Due to epistemic uncertainties, there may exist multiple source characteristics, GMPE’s and magnitude distributions for the same region. These uncertainties are accounted for by estimating hazard for each of the individual possibilities, which we then represent as individual branches in a logic tree. Each branch \(d = 1, \ldots , D\), is assigned weight \(w_d\) such that \(\sum _{d=1}^D w_d = 1\), and the hazard is computed by the weighted contribution from each branch (Petersen et al. 2014).

$$\begin{aligned} \lambda (\mathrm {IM}\ge x)&= \sum _{d=1}^D w_d \lambda _d(\mathrm {IM}\ge x) \end{aligned}$$
(2)

where \(\lambda _d(\mathrm {IM}\ge x)\) is the hazard for branch d.
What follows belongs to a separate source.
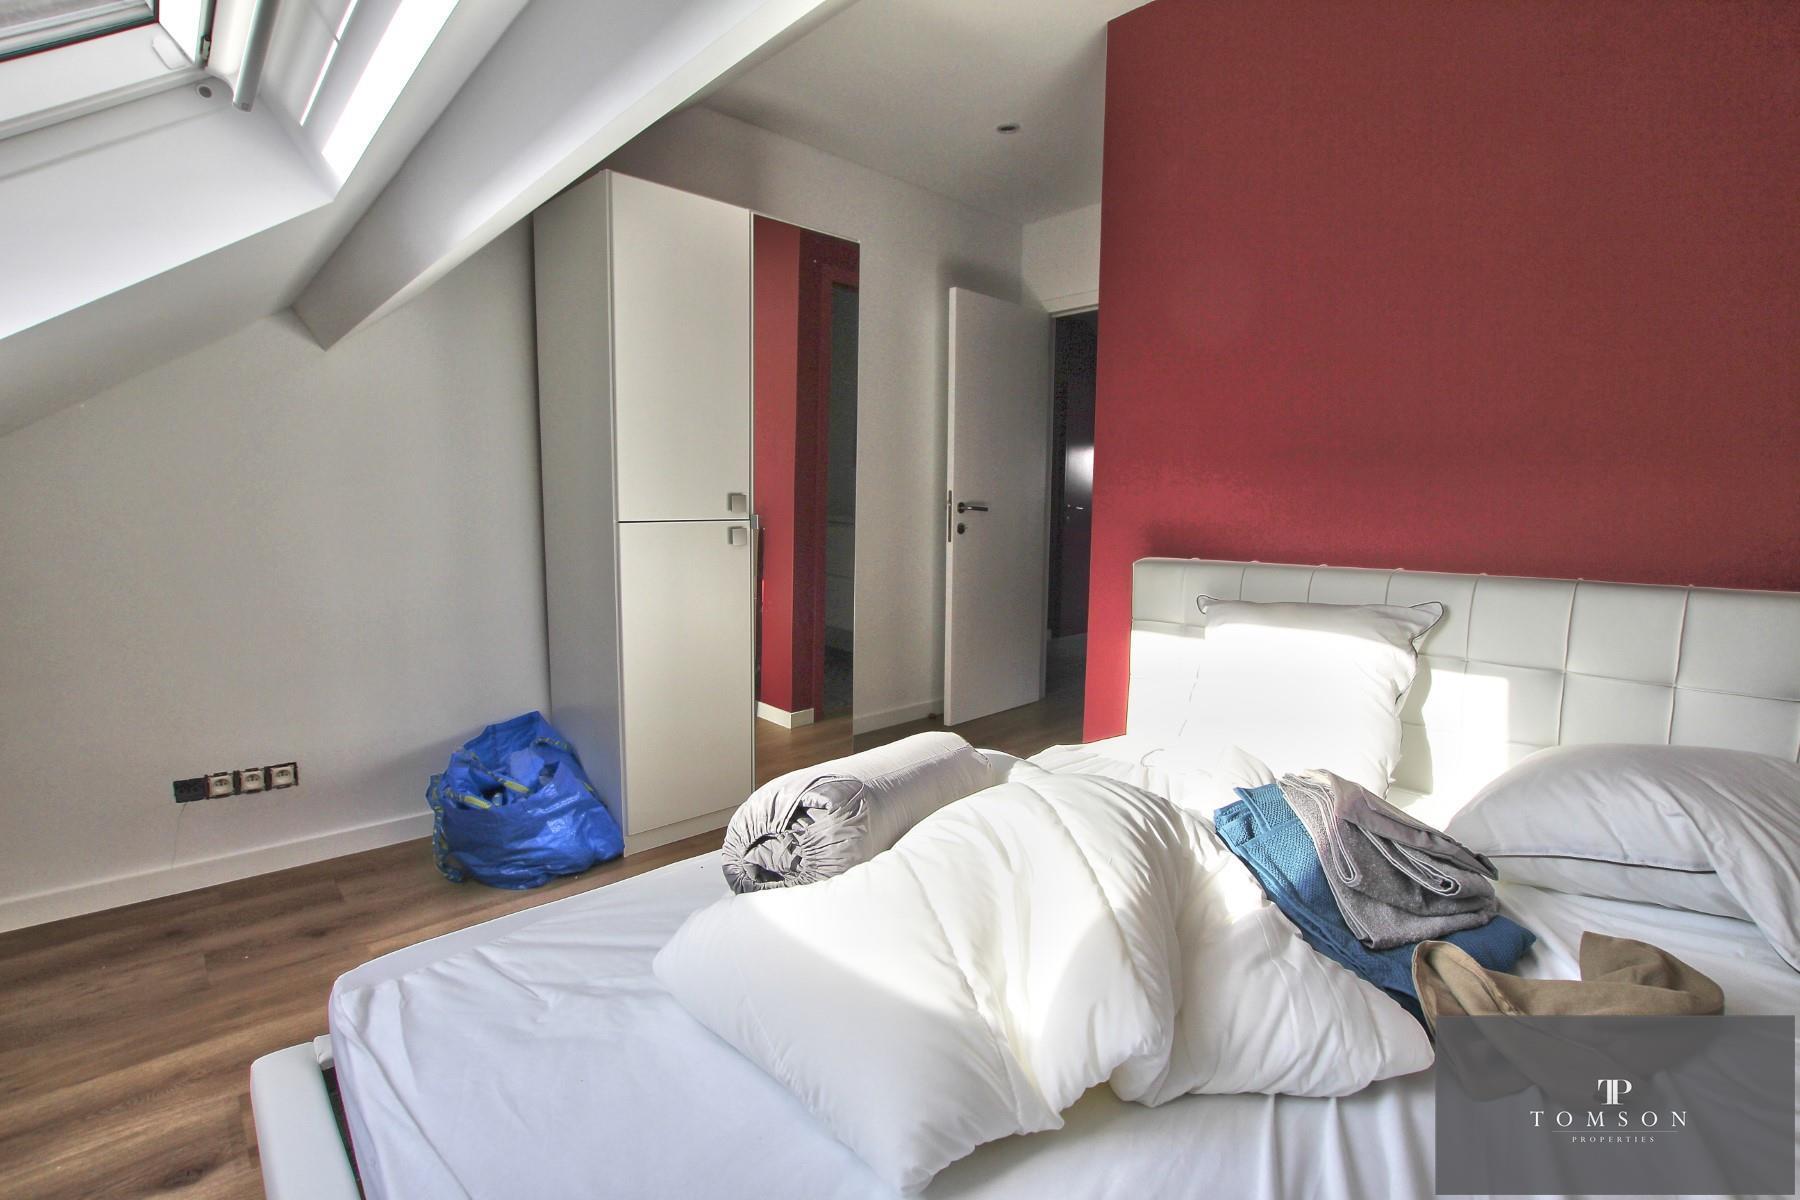 Flat - Etterbeek - #4328604-3

When the seismicity rates are changing over time, as for induced seismicity, then the estimated hazard is also time dependent. We represent hazard at time t as \(\lambda (\mathrm {IM}\ge x) (t)\) and calculate it by replacing the constant seismicity rate in Eq. 1 with time-dependent \(\lambda (M_n \ge m_{\min })(t)\). Then the mean hazard per unit time over a time duration \([t_1, t_2]\) is calculated by

$$\begin{aligned} \lambda (\mathrm {IM}\ge x) = \frac{1}{t_2 - t_1} \int _{t_1}^{t_2} \lambda (\mathrm {IM}\ge x) (t) \mathop {}\mathrm {d}t \end{aligned}$$
(3)

Hazard estimates are forecasts of anticipated future seismic shaking. Due to the transient nature of induced seismicity, these forecasts are meaningful for shorter duration of the next 6 months to 24 months, as compared to the National Seismic Hazard forecasts developed for next 50 years (Petersen et al. 2014).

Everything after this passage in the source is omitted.